We are now in the second year of operations in Iraq and in the third year of operations in Afghanistan. The Administration plans to fund both of these operations outside of the $402 billion Department of Defense budget request.

This means that the $521 billion deficit forecast for this year will grow even wider and the Congress will be considering a federal budget that does not reflect the true extent of government spending for the coming year.

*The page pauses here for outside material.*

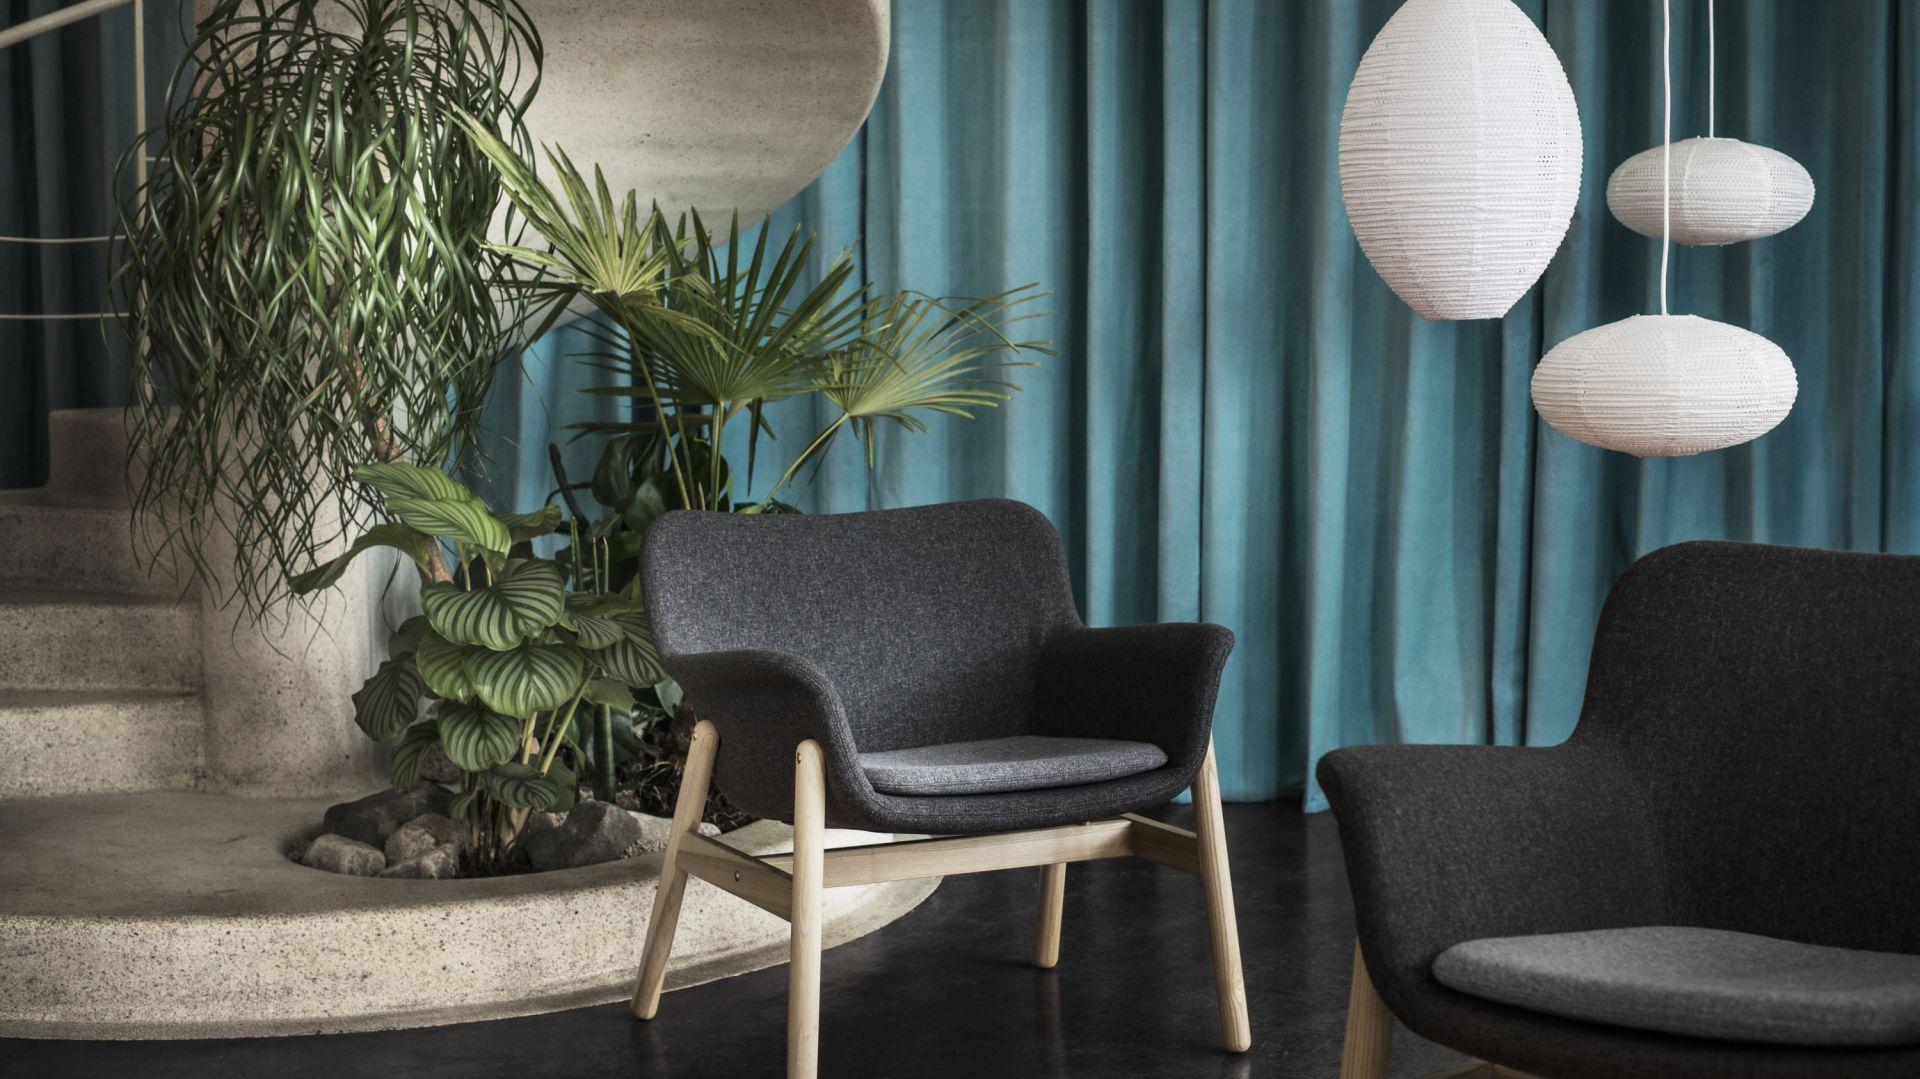 Ciemnoszary fotel Vedbo (wys. 75 cm) z podłokietnikami ma ciekawą inspirowaną stylem retro formę. 699 zł. Fot. IKEA

By continuing to conceal the true cost of the war, the Bush Administration is once again withholding critical information and misleading the American people about the war in Iraq.

When I asked Defense Secretary Donald Rumsfeld last week during a hearing before the House Appropriations Subcommittee on Defense why the Administration did not provide any funding for the war, he responded that they didn't know how much it was going to cost and wanted to wait until the fall to give a more accurate number.

Yet, the military does in fact have an estimate of the cost of the war. To wait until after the presidential election is blatantly playing politics in everyone's perspective and it should not go unchallenged.

Even Republicans are dismayed at the President's lack of fiscal integrity with the budget. When I raised this issue with OMB Director Josh Bolten during a Budget Committee hearing, the Republican chairman agreed with me that "zero" was an unacceptable number. The Administration, Chairman Jim Nussle reinforced to Mr. Bolten, must provide a number for the cost of the war and should do it sooner rather than later.

Mr. Bolten offered boilerplate comments during the hearing, noting that it was better to fund wars through supplemental appropriations bills and that the Administration would present one after the election. Historically, Mr. Bolten's claim is not consistently true and his statements miss the point.

The Administration must be up front with the American public about how much the wars in Iraq and Afghanistan are going to cost. We owe it to the American taxpayer to be as honest and forthright as we can about how we are funding this war.

During the Defense Appropriations Subcommittee hearing, I also asked Secretary Rumsfeld about the Administration's budget proposal that would give federal civilian employees a pay raise of 1.5 percent while giving military personnel a 3.5 percent raise. Secretary Rumsfeld manages more than 648,000 civilian employees, whose take home pay has declined for the past several years as a result of double-digit increases in health care premiums.

Both civilian and military personnel are deserving of an equitable and fair pay raise for the work they do. In fact, in the DOD there is a symbiotic relationship between our civilian employees and the men and women in uniform who are fighting in Iraq and other trouble spots in the world.

In many respects, we need to put as much of a priority on recruiting the most capable individuals we can on the civilian side since they are running the computer systems, handling sensitive materials and overseeing the weapons programs that our troops in the field must depend upon.

There is a 32 percent gap between the compensation levels of federal civilian employees and those of private sector workers. Along with this gap and the impending retirement of half of the civil service over the next decade, it is imperative for the federal government to start acting in a way that will attract and retain new workers.

After the September 11, 2001 attacks, it was thought more Americans would answer the call to public service. Max Stier, the president of the non-profit Partnership for Public Service, throws cold water on that theory.

In a recent editorial written for Government Executive magazine, Stier notes that in the 1960s, 30 percent of law school graduates went to work for the federal government; now that number is 3 percent. Today, he says, there are more federal employees in their 60s than in their 20s, noting that over the next decade, half of the federal workforce will be eligible to retire.

We must take the steps now to attract and retain younger workers, especially in the areas of national security where technical skills and institutional knowledge are so important. The President's misguided approach to pay increases is only likely to hasten the retirement of some of our most experienced and indispensable civil servants.